What is needed >> Go to the line holding "3d-светильник Симка (фиксики), 3д-ночник, несколько" in the data below and repeat it exactly, then each line after it up to and including the one holding "af6346f19 Alexander McQueen". Omit pictures.

Record excerpts >>
════════════════════

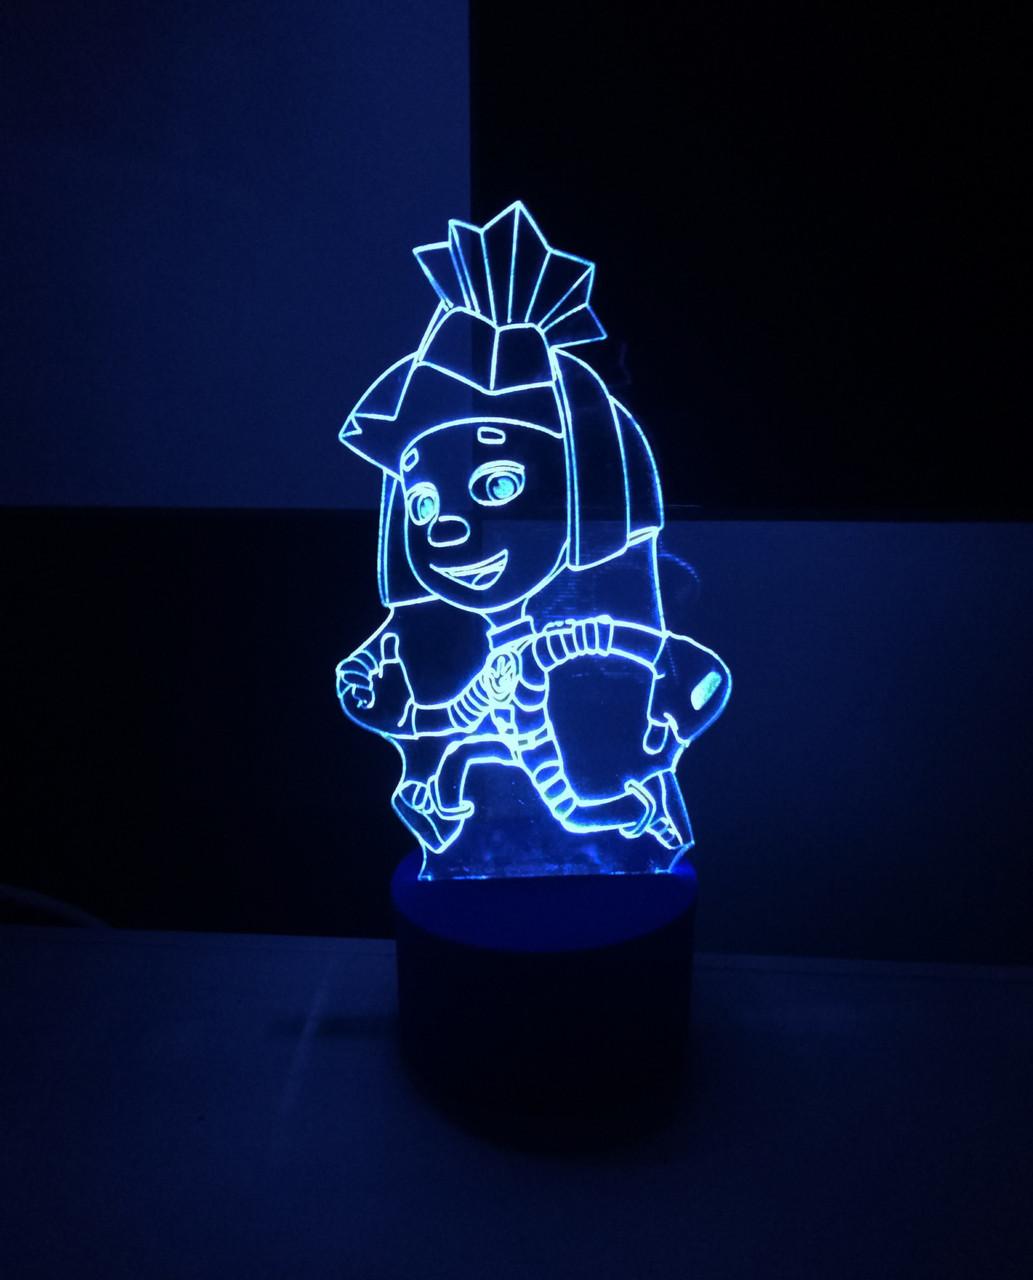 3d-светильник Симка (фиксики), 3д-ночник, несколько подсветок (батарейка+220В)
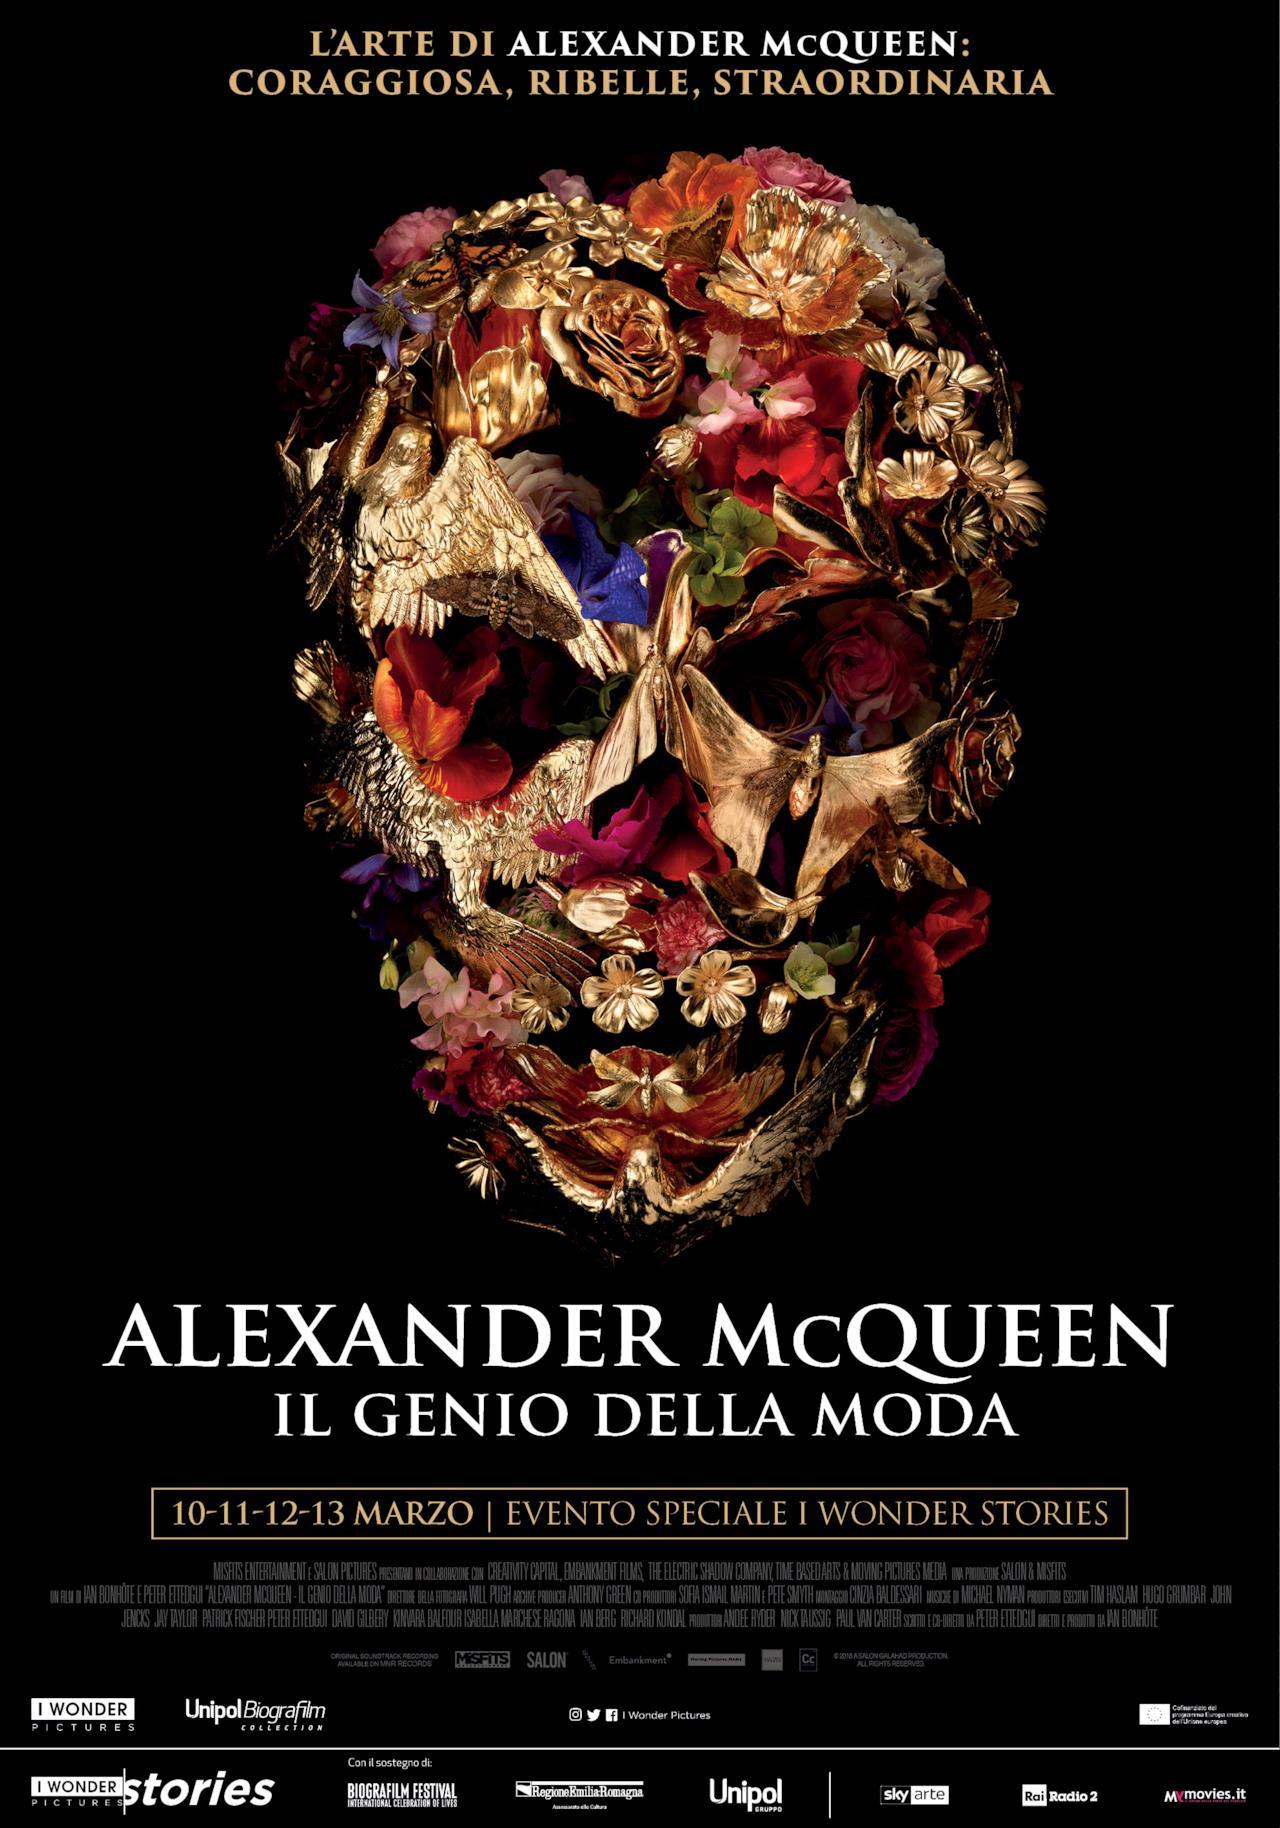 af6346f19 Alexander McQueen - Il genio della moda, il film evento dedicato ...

════════════════════

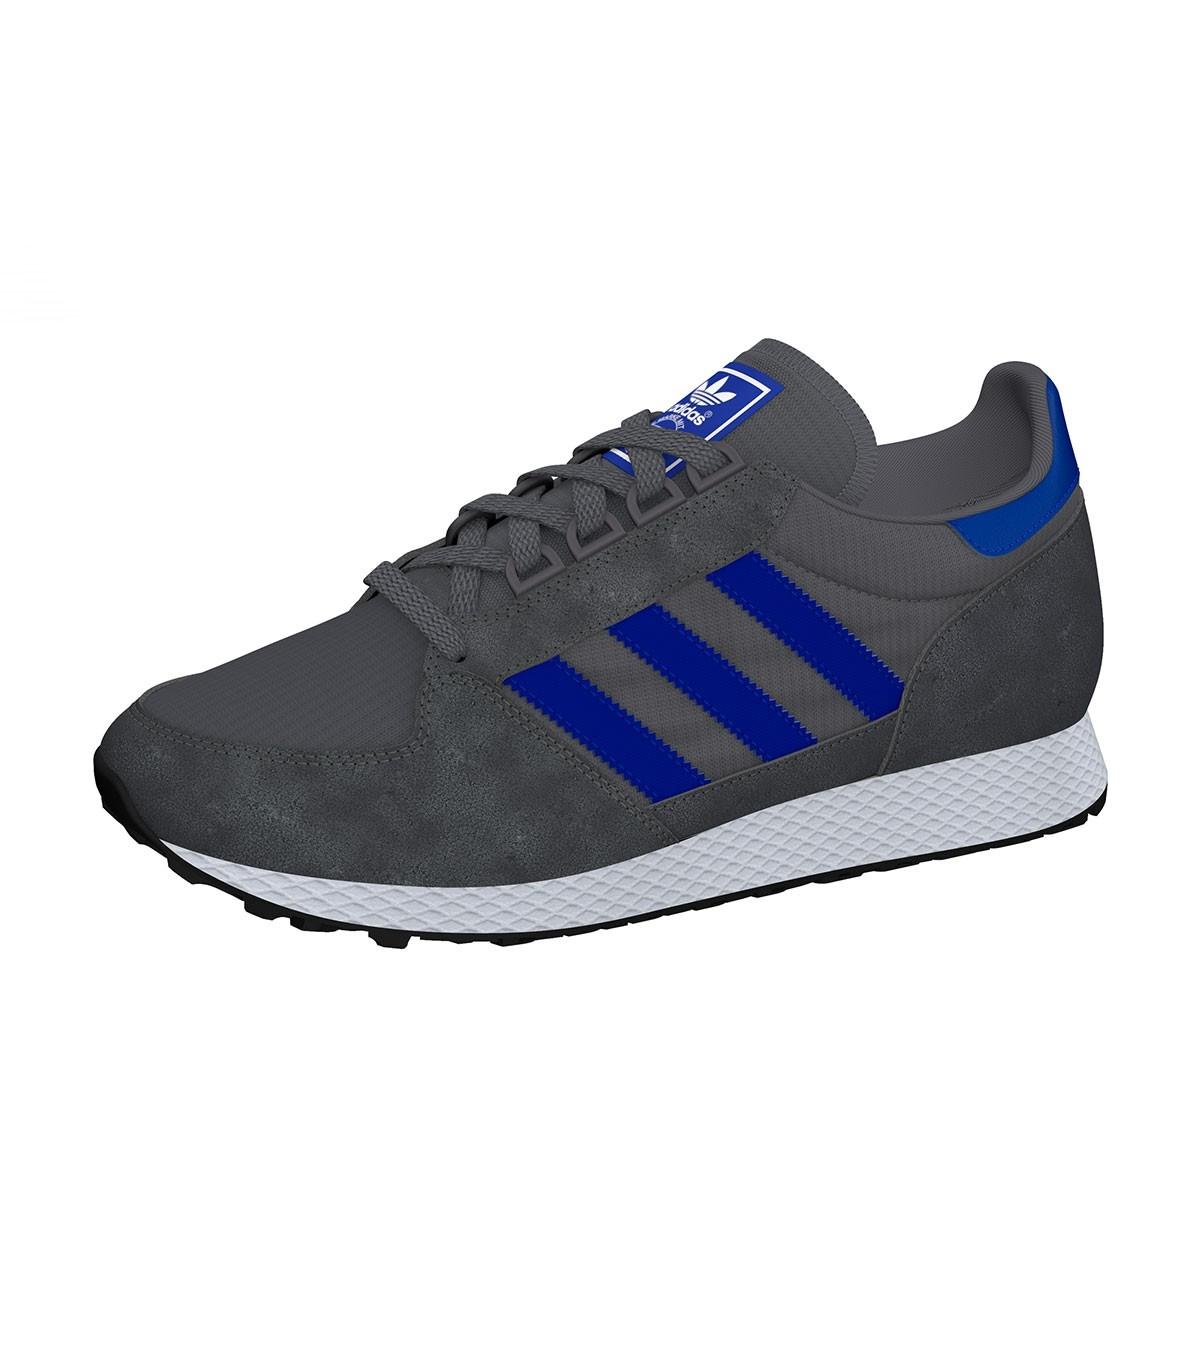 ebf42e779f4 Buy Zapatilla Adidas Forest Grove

════════════════════

Completed exercise >>
 3d-светильник Симка (фиксики), 3д-ночник, несколько подсветок (батарейка+220В)
 af6346f19 Alexander McQueen - Il genio della moda, il film evento dedicato ...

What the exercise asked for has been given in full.